Ballantine v. Cummings

Decision Date20 April 1908
Docket Number31
Citation70 A. 546,220 Pa. 621
PartiesBallantine, Appellant, v. Cummings
CourtPennsylvania Supreme Court

Argued April 2, 1908 [Copyrighted Material Omitted]

Appeal, No. 31, Jan. T., 1908, by plaintiff, from judgment of C.P. No. 1, Phila. Co., Dec. T., 1900, No. 130, on verdict for defendants in case of Charles M. Ballantine v. George K Cummings et al. Affirmed.

Trespass for conspiracy. Before MAGILL, J.

At the trial when plaintiff was on the stand he was asked this question:

Mr. Bracken: "Q. Had you any knowledge, prior to your purchase in March, 1899, of the listing of the common stock of the company upon the Philadelphia Stock Exchange?"

Mr. Graham: The only stock involved here is preferred stock. I object to any evidence of the listing of the common stock. It is not in issue, and the preferred stock was not a listed stock at the time of the purchase of this stock, nor for six months afterwards.

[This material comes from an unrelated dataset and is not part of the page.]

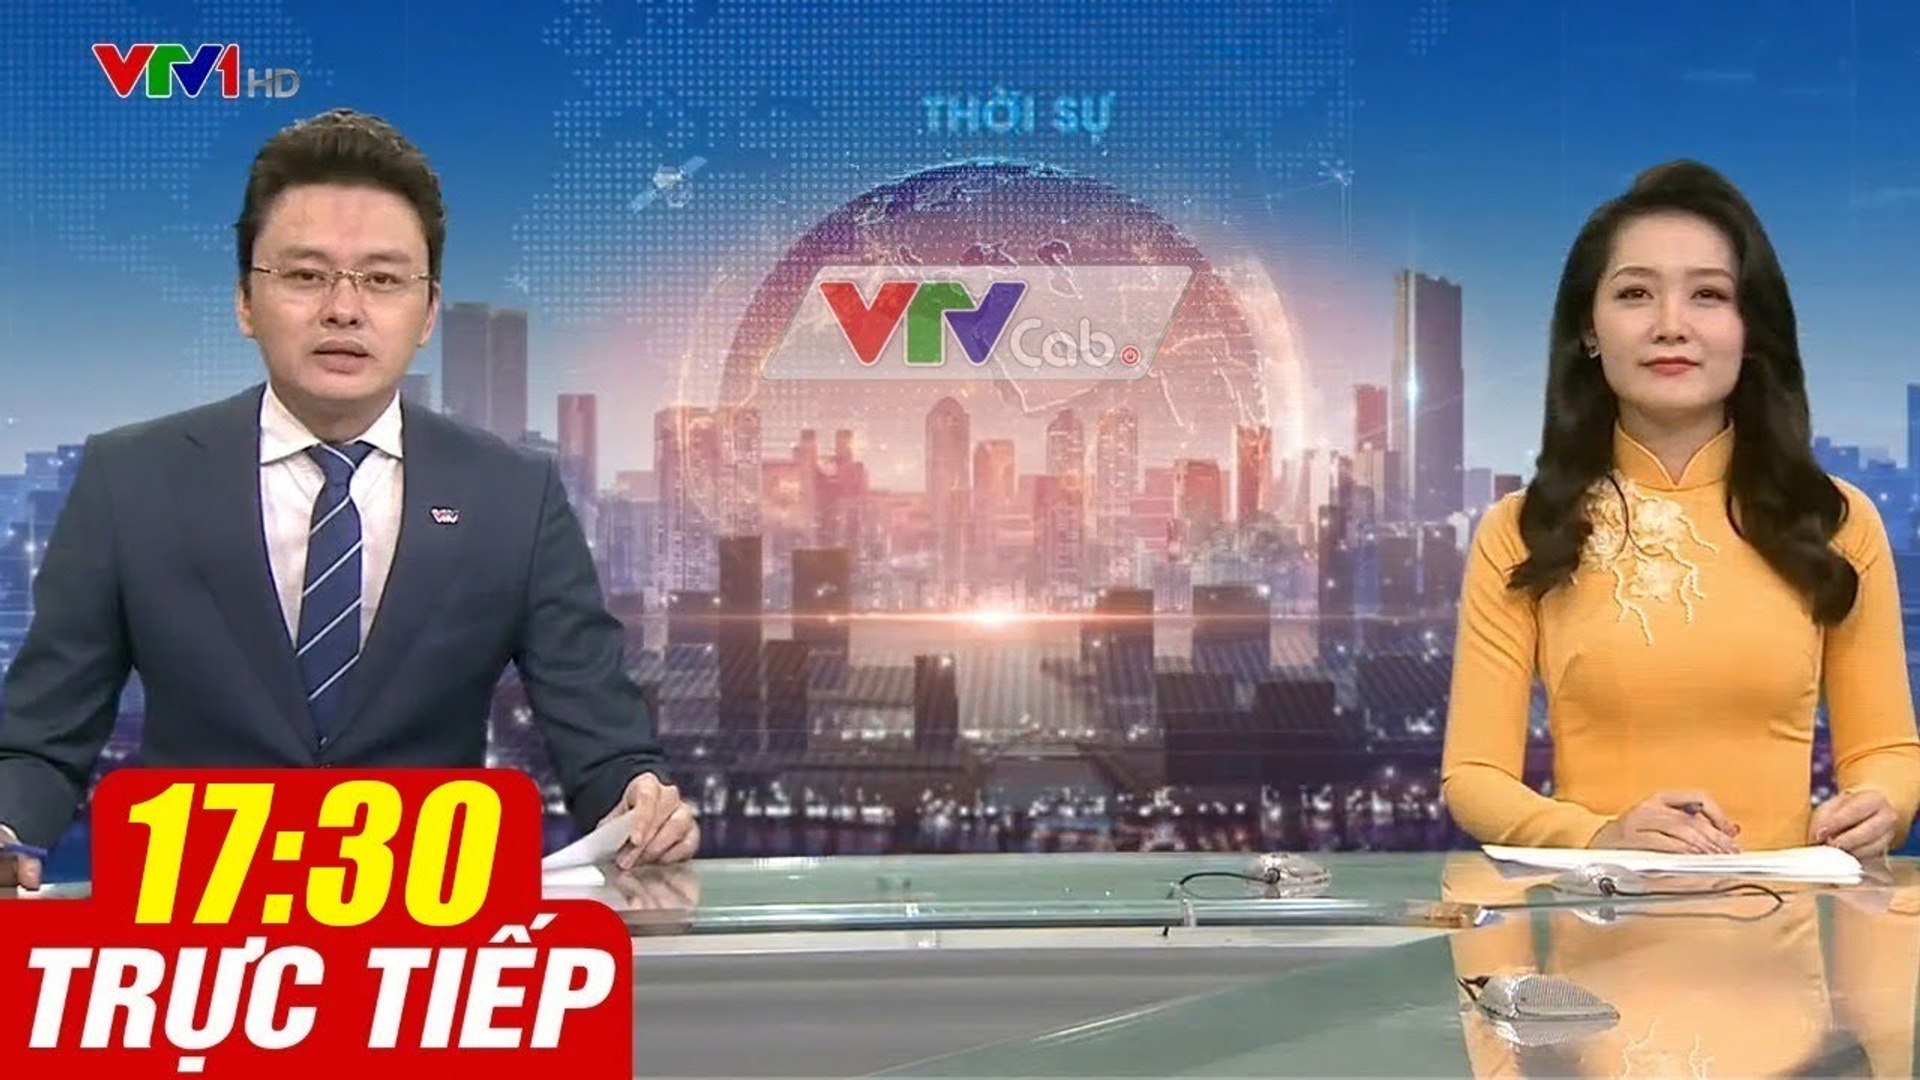 Trực Tiếp VIỆT NAM HÔM NAY 17h30 ngày 5.08.2020  Tin tức thời sự VTV1 mới nhất hôm nay

The Court: I will sustain the objection at this stage of the case. Exception. [1]

J. Bell Austin was examined as follows:

"Q. What is your business? A. Secretary and treasurer of the Philadelphia Stock Exchange. Q. Did you hold that position in January, 1899? A. Yes, sir. Q. What is the Philadelphia Stock Exchange? A. A place where stocks and bonds are bought and sold. Q. I mean in respect to its membership. It is an organization, isn't it, of brokers for the sale and purchase of stocks and bonds? A. Yes, sir. Q. Have you with you any papers that were filed with the Philadelphia Stock Exchange by the Daylight Prism Company? A. I think so, yes. Q. Will you please produce them. (Witness produces papers.) Q. One of the papers you produced is entitled at the head, Philadelphia Stock Exchange, stock application for the listing of stock dated August 1, 1899? A. Yes, sir. Q. Have you an application of an earlier date? A. That is preferred stock, isn't it?"

Mr. Graham: Yes.

"A. Yes, that is for the common stock. Q. You also produce an application dated January 13, 1899, for the listing of the common stock? A. The common stock? Q. On the Philadelphia Stock Exchange. Was that delivered to you on or about that date?"

Mr. Graham: I object to all inquiries relating to the listing and sale of common stock.

The Court: I cannot view this offer of the listing of this common stock as material to this issue. I sustain Mr. Graham's objection. Exception. [2]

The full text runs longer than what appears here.